Phosphorylation and transphosphorylation assays
Phosphorylation assays were carried out at room temperature in the presence of 5 μCi of [γ-32P]-ATP (specific activity 6000 Ci mmol−1; Amersham Biotech) in P buffer. The reactions were initiated by the addition of [γ-32P]-ATP to 0.05 nM in a 20 μl reaction mixture), terminated by the addition of an equal volume of 6× sodium dodecyl sulphate (SDS) sample buffer, and subjected to SDS–PAGE) on 10% or 12.5% polyacrylamide gels (Laemmli, 1970). The radioactivities of proteins resolved on gels were determined qualitatively by autoradiography of dried gels with X-Omat AR (Kodak).

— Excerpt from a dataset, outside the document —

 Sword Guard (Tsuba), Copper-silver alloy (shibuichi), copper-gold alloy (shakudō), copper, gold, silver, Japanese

A PhosphorImager (Molecular Dynamics) was used for quantitative analyses.
Stability of *PhoR∼P
Purified GST–*PhoR was used to bind glutathione–agarose, and 5 μCi [γ-32P]-ATP for 10 min, and 5 U of thrombin was then added to the reaction mixture and stood at room temperature for 10 min; the flowthrough containing *PhoR∼P was collected. Aliquots were mixed with 0.5 M NaOH, 0.5 HCl or P buffer for 20 min at room temperature. The reaction was stopped by adding 6× SDS sample buffer. After electrophoresis, the gel was dried and was exposed to a PhosphorImager screen for quantitative analysis.

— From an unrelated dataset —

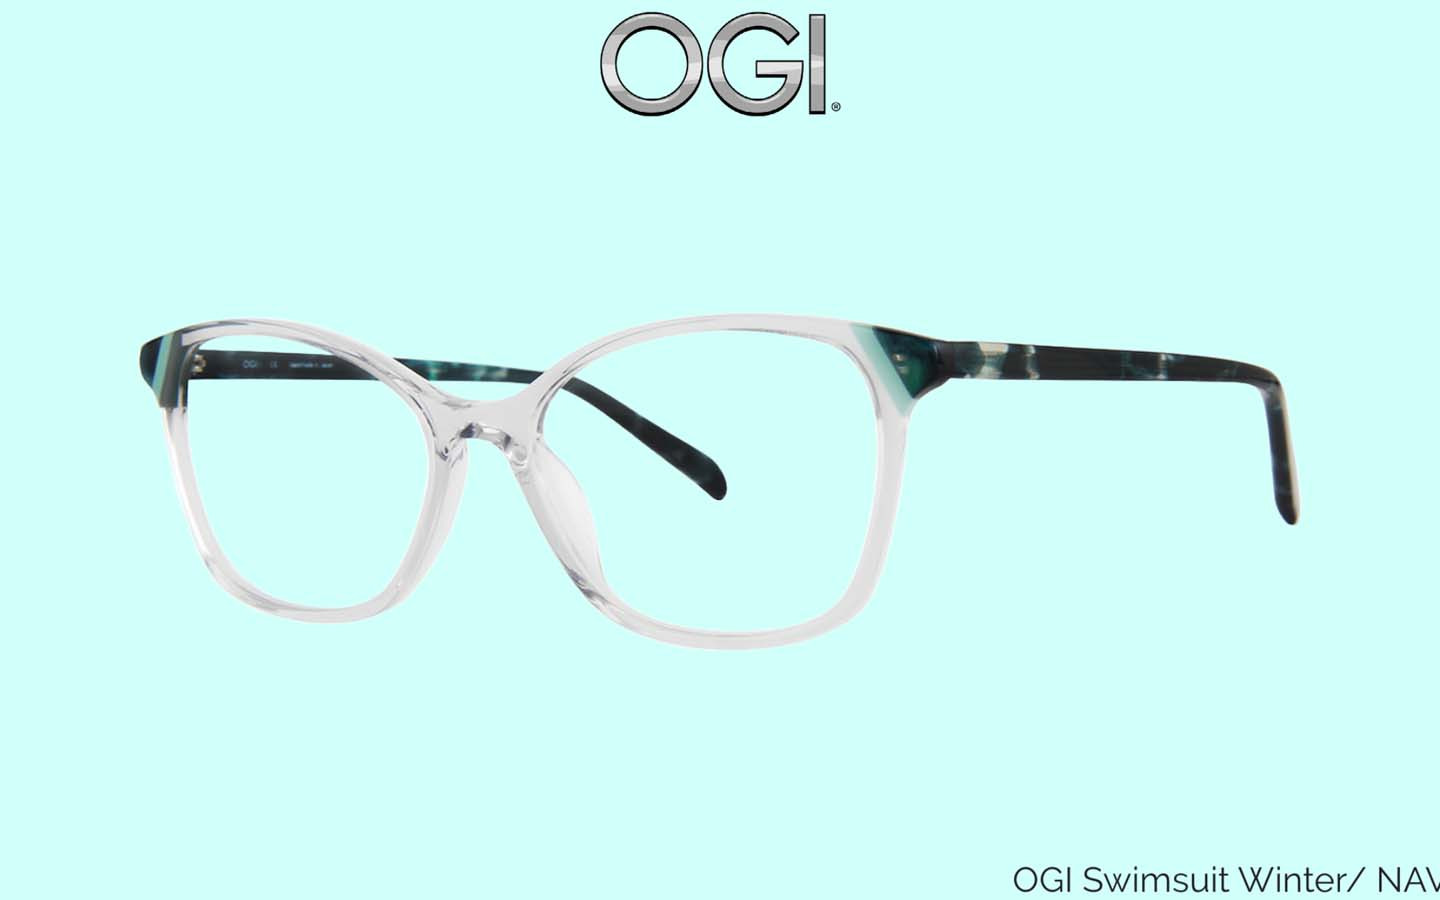 OGI eyewear
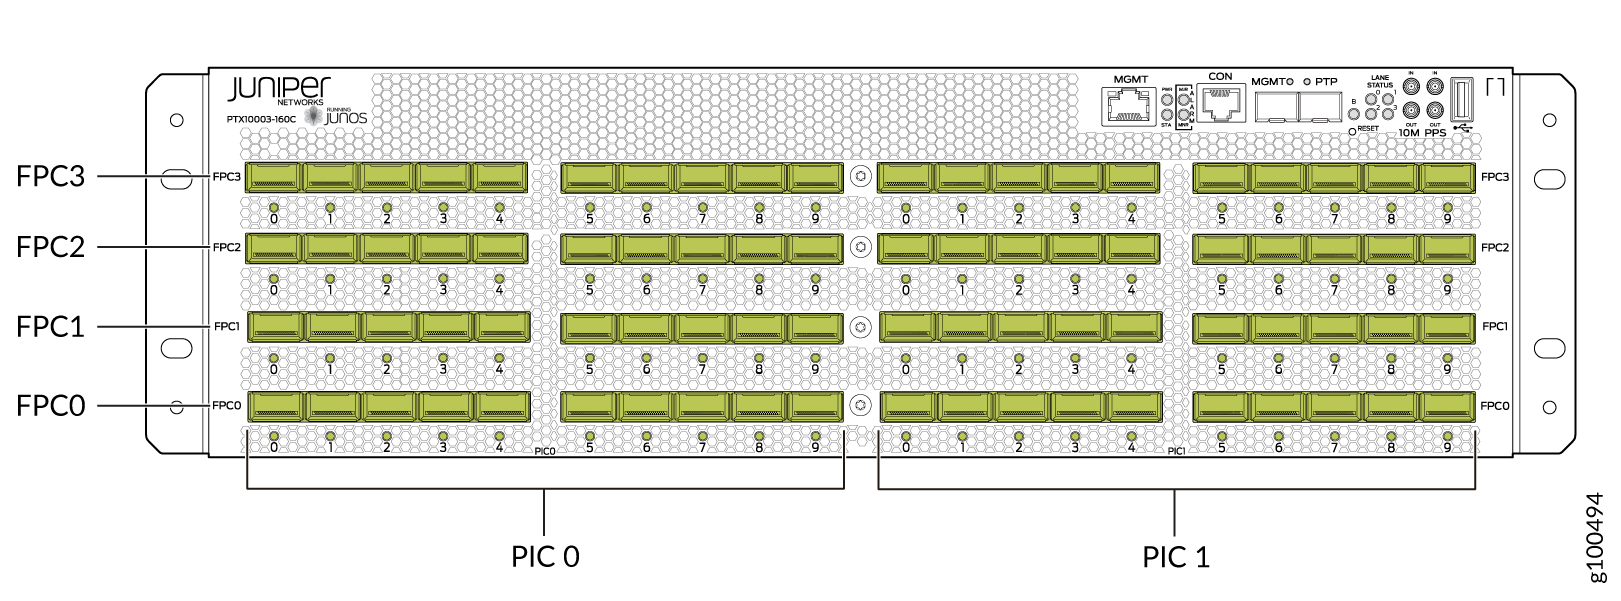 PTX10003-160C Port Panel

Detection of protein concentration
Protein concentration was detected by the Bradford method (Bradford, 1976) using the Bio-Rad protein assay kit as instructed by the manufacturer.
Growth conditions and enzyme assays
APase activity was measured in the cells that had been grown in the low phosphate defined medium described previously (Hulett et al., 1990) with the following modification: for strains containing Pspac promoter-controlled construct, IPTG was added at 1 mM final concentration throughout the growth. To determine when APase induction occurred, hourly determination of culture density and APase activity was made on cells grown under culture conditions described previously (Chesnut et al., 1991).

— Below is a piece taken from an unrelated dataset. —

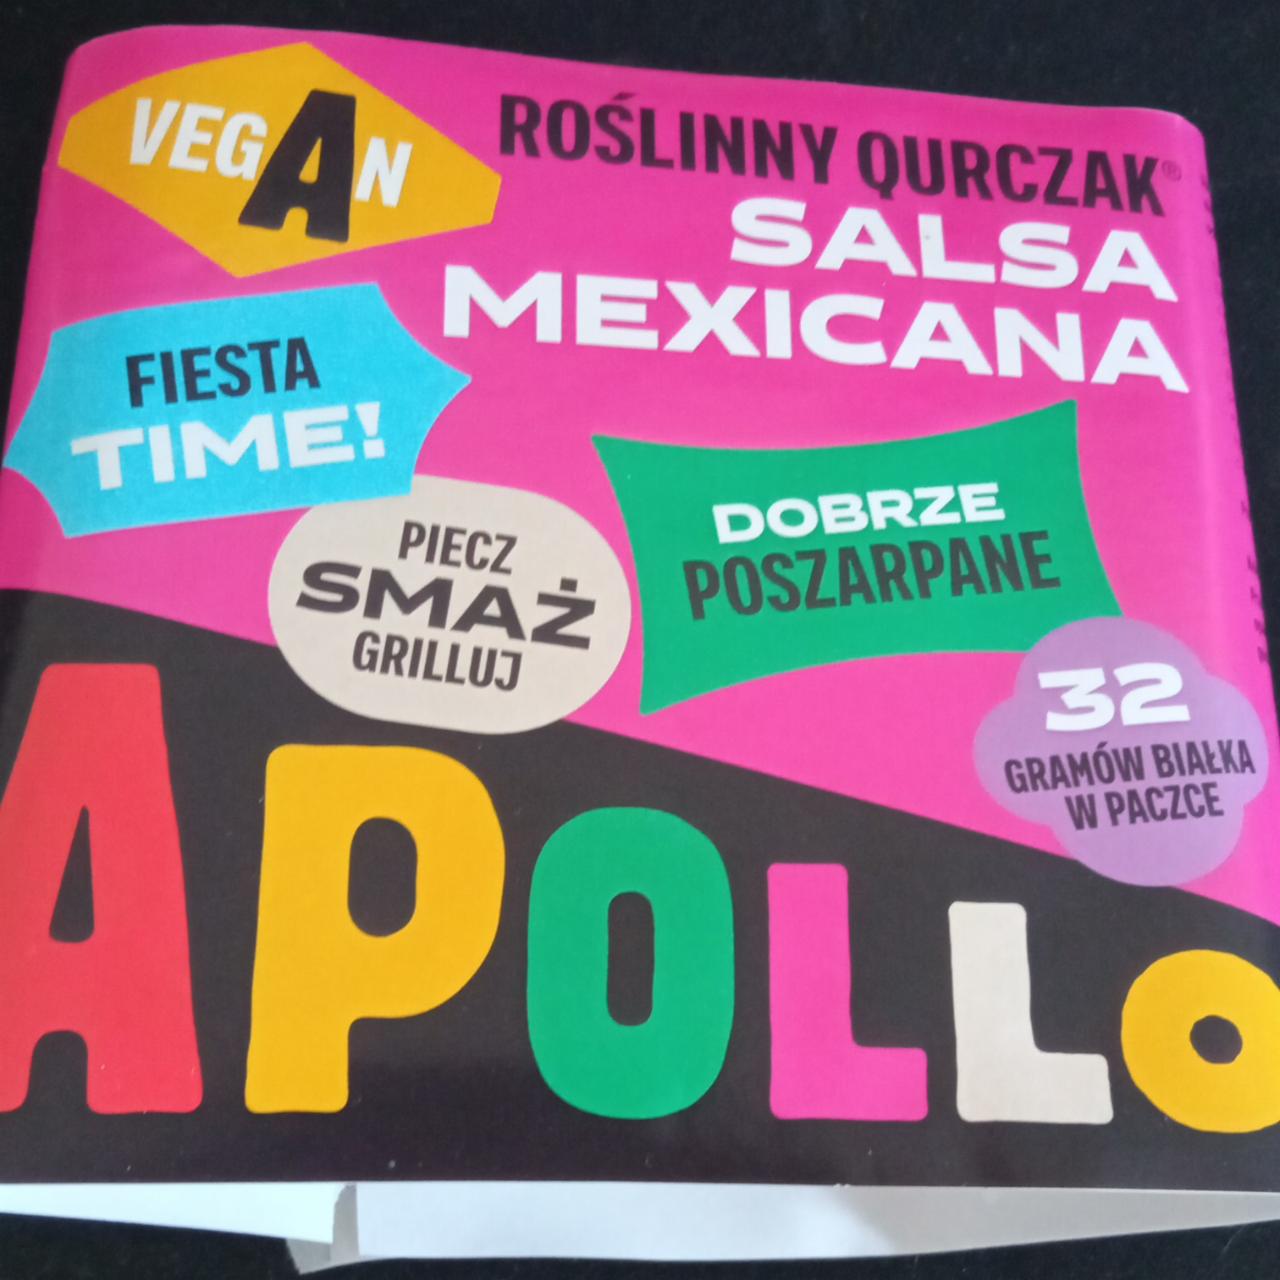 Zdjęcia - Roślinny qurczak salsa mexicana Apollo

B. subtilis cells growing at exponential phase (hour 0), post-exponential phase (hour 7) and stationary phase (hour 11) were collected by centrifugation. The cells were resuspended in water containing 1 mg ml−1 lysozyme and stood at room temperature for 10 min. Total cellular protein content was calculated using the formula: total protein = OD540* 83 μg per ml culture. After the samples were denatured by adding SDS sample buffer and boiling, 150 μg of total cellular protein was separated by SDS–PAGE. Polyclonial antibody against *PhoR was used as the primary antibody, and the induced PhoR protein was visualized by the second APase-conjugated goat anti-rabbit antibody (Bio-Rad).
The purified *PhoR was injected into rabbits to generate PhoR antibody. The antibody was made by Cocalico Biological, (Reamstown, PA, USA).
We thank Dr W. Liu for purified PhoP protein in this study. This work was supported by a grant (GM33471) from the National Institutes of Health to F.M.H.